Basta ver o Ideb dessas unidades. Sempre altíssimo. Qualidade? Sim, mas não apenas isso. Ou, não sem um preço alto para seus alunos que não se “militarizam”. Esses índices sempre altos tem uma explicação: os militares, responsáveis pela gestão escolar – a parte pedagógica fica, supostamente, a cargo da direção civil – simplesmente não aceitam alunos com desempenho abaixo do ideal.

O problema é que a clientela de qualquer escola é, em sua grande maioria, de jovens em formação, normalmente muito sujeitos a alterações de comportamento. Reflexo, inclusive, do ambiente que os cerca, em casa e na própria escola, diga-se. E, qualquer leigo sabe que essas circunstâncias afetam o desempenho, o comportamento e a forma como se relacionam com outras pessoas e com o ambiente escolar.

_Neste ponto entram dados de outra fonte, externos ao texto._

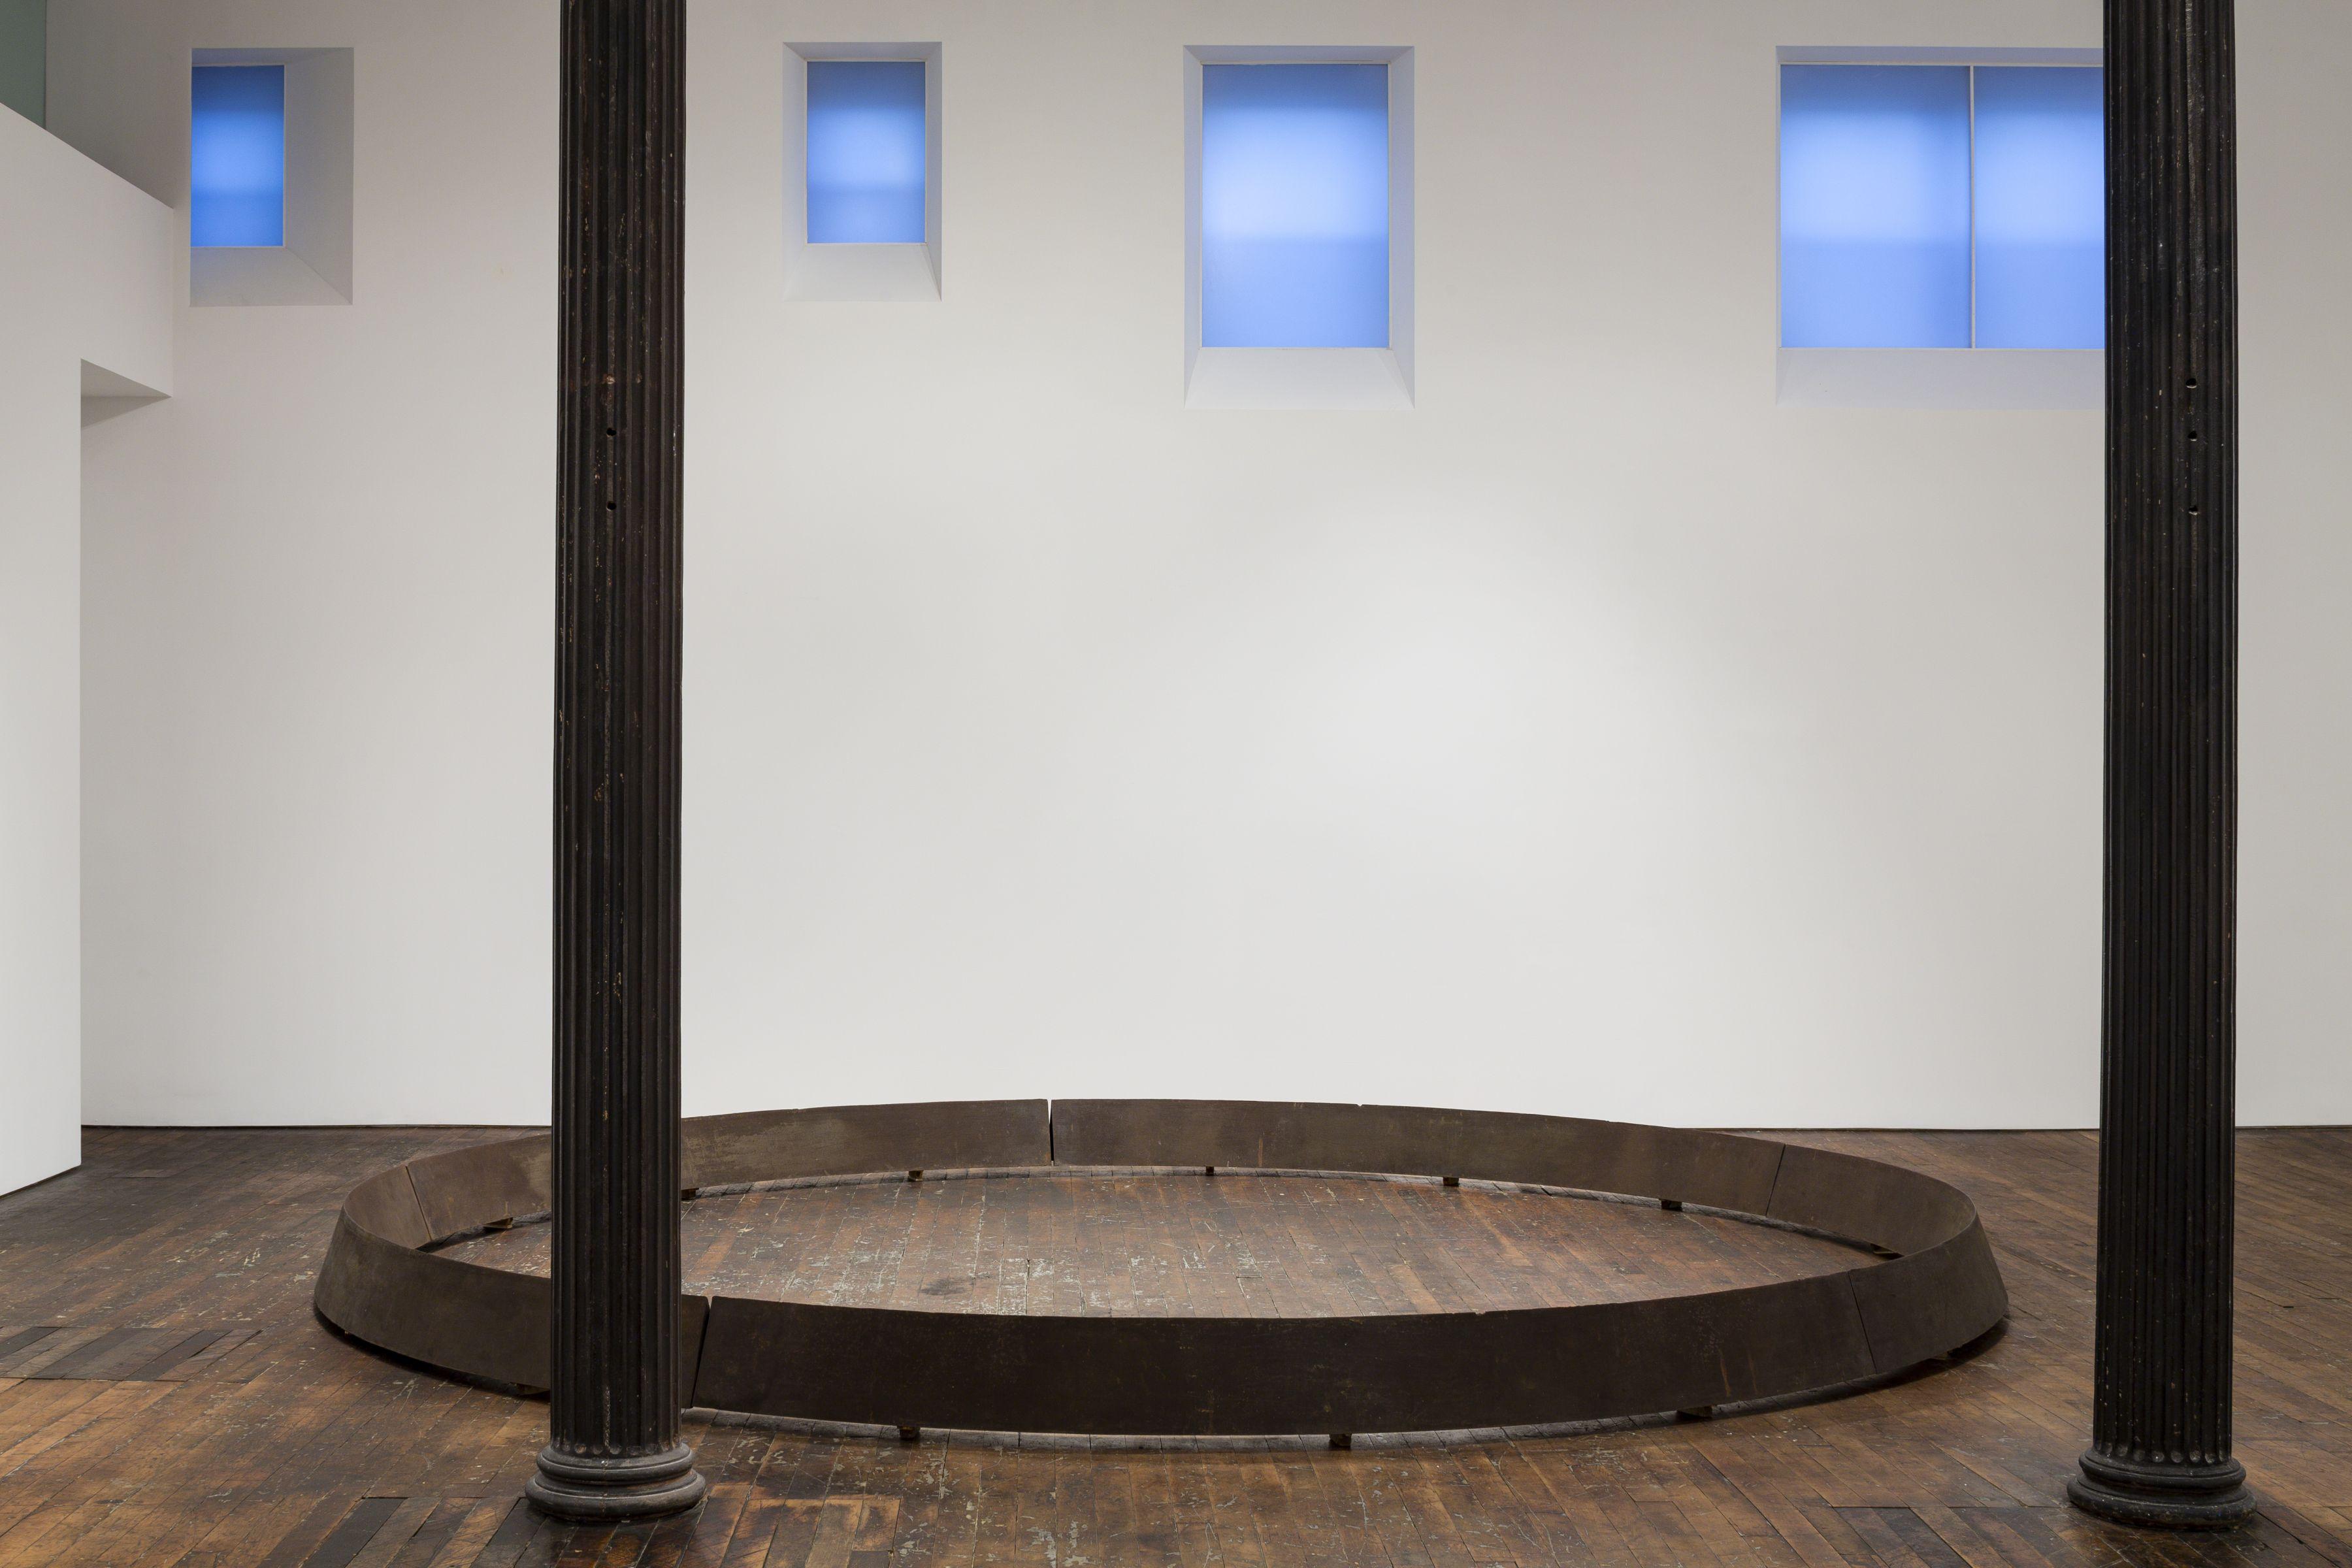 Untitled: Benassi, Bochner, Cabrita Reis, Gober, Nauman, Serra, Sosnowska, Tuttle, Walther– installation view 12

Se um jovem, na escola militar, por algum motivo não obtém o desempenho de excelência que dele se esperava, é rua. Se não sumariamente, fazem uma transferência para uma escola civil, expulsam pela pressão psicológica. Comportamento inadequado – e aqui não se fala de violência escolar ou algo parecido – não tem suas causas sociais investigadas. Usa-se, sempre, a solução final, a exclusão, não sem antes aplicar os processos disciplinares que vão da repreensão – em termos militares – ao “impedimento”.

O que isso causa à saúde dos jovens? À boca pequena, muito se comenta a respeito do adoecimento desses adolescentes. Casos de automutilação são comuns entre aqueles que não tem vocação mas insistem – ou são forçados pelos pais – em seguir nesse ciclo de cobranças extremas. Tudo em nome de um comportamento adequado do estudante e de bons resultados nos exames nacionais, que geram boas posições das unidades nos índices de qualidade.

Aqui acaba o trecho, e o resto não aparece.